The telegraph system of France constitutes a distinct department of the government service under Viscount A. de Vougy as Director-General. Under him are five general inspectors, forming a kind of council, nine division inspectors, seventy-five inspectors, thirty-eight sub-inspectors, and one electrical engineer. There are altogether 3,708 persons on the staff.

DECREES REGULATING THE USE OF THE TELEGRAPH IN FRANCE.

The following is a digest of the decrees issued by the French government regulating the use of the telegraph in the empire.

1st. All persons whose identity is established are allowed to correspond by the government electric telegraph.

2d. Private correspondence is always subordinate to the necessity of government service.

3d. Despatches are to be written in ordinary and intelligible language, dated and signed by the sender, and to be given to the officer of the telegraph station, whose duty it is to copy in full the despatch, with the address of the sender.

4th.
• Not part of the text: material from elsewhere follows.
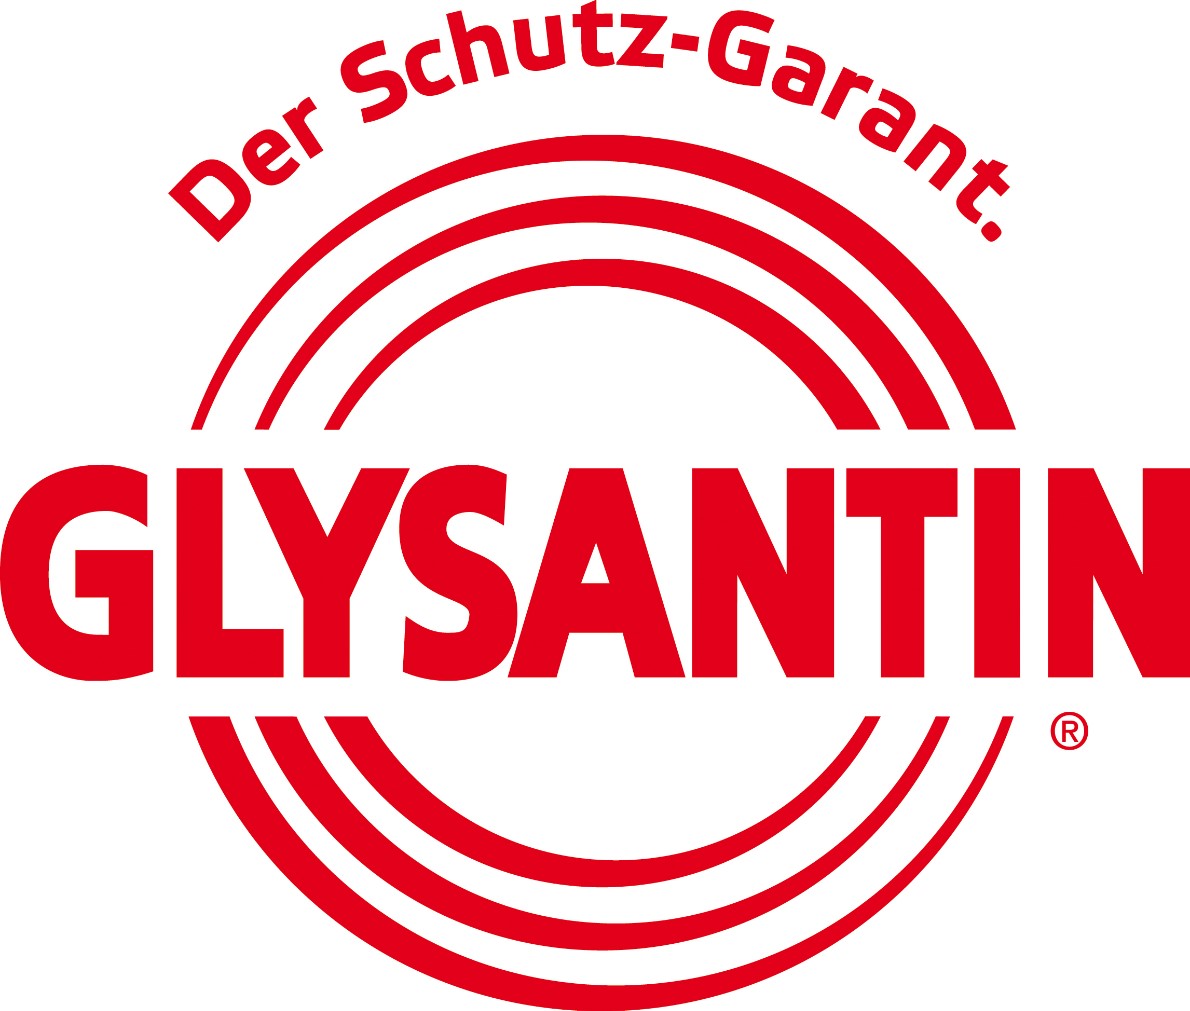 GLYSANTIN_logo.jpg

The director of a station may, on grounds of public order and morality, refuse to transmit a despatch. In case of dispute, reference is to be made, in Paris, to the minister of the interior; in the provinces to the prefect, sub-prefect, or other constituted authority. On the receipt of a despatch, the director of the station may withhold its delivery for like reasons.
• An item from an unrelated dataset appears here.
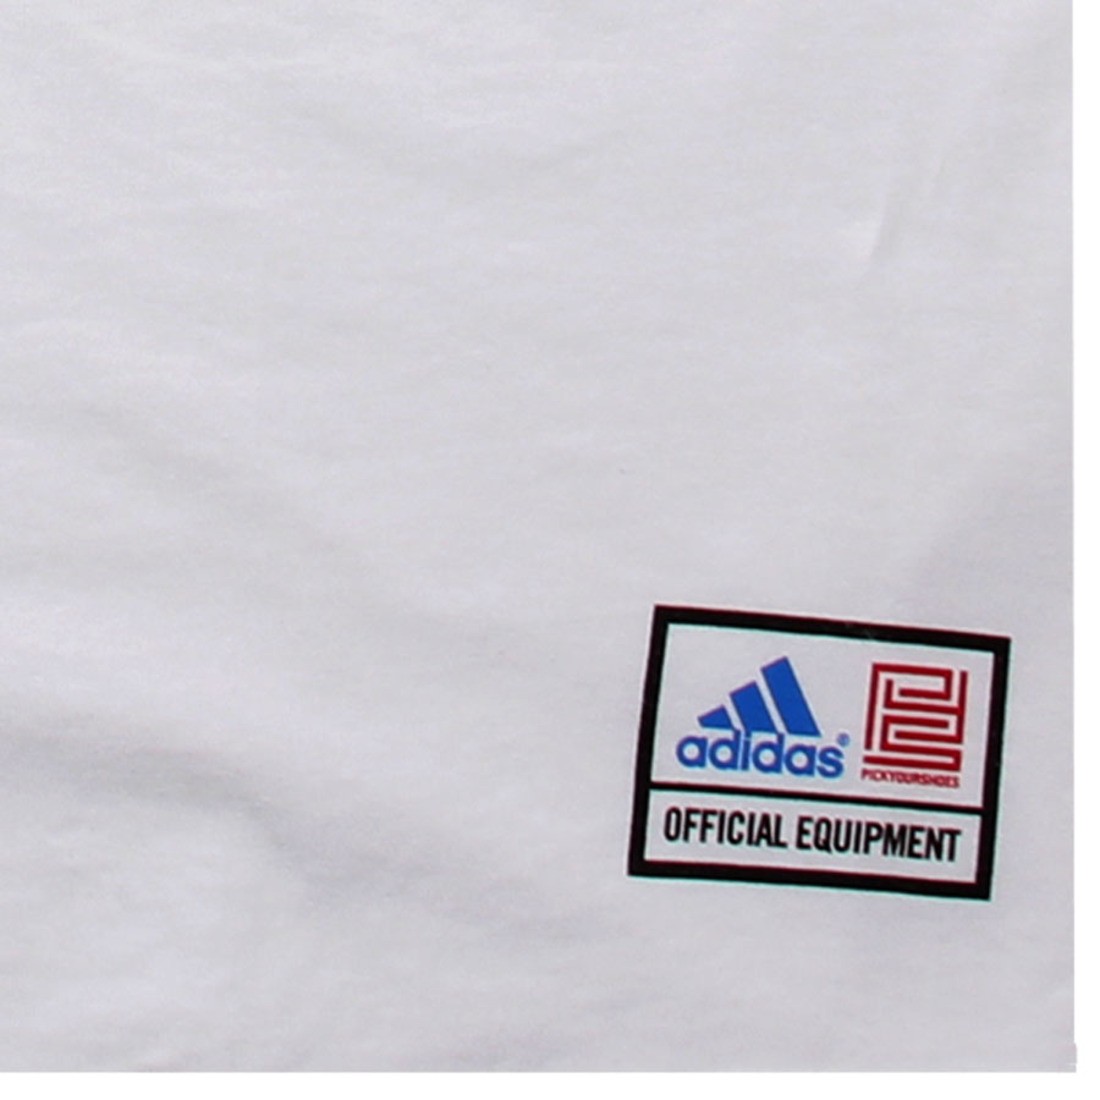 Adidas Adi PYS Tee Run DMC style (white) shirt

5th. Private correspondence may be suspended at any time by the government. The government will not assume any responsibility for errors in the transmission of despatches.

6th. The director of the station must be satisfied as to the identity of the sender’s signature. If the director refuses the transmission of a message, he must state his reason in writing on the despatch. He must indorse on it “political,” “offensive,” “not consistent with public good,” etc.

7th. No line of electric telegraph can be established or employed for the transmission of correspondence except by the government, or on its authority. Any person transmitting, without authority, signals from one place to another, whether by electric telegraph, or in any other way, is liable to imprisonment from one month to a year, and a fine of 1,000 to 10,000 francs, and the government may order the destruction of the apparatus and telegraph employed.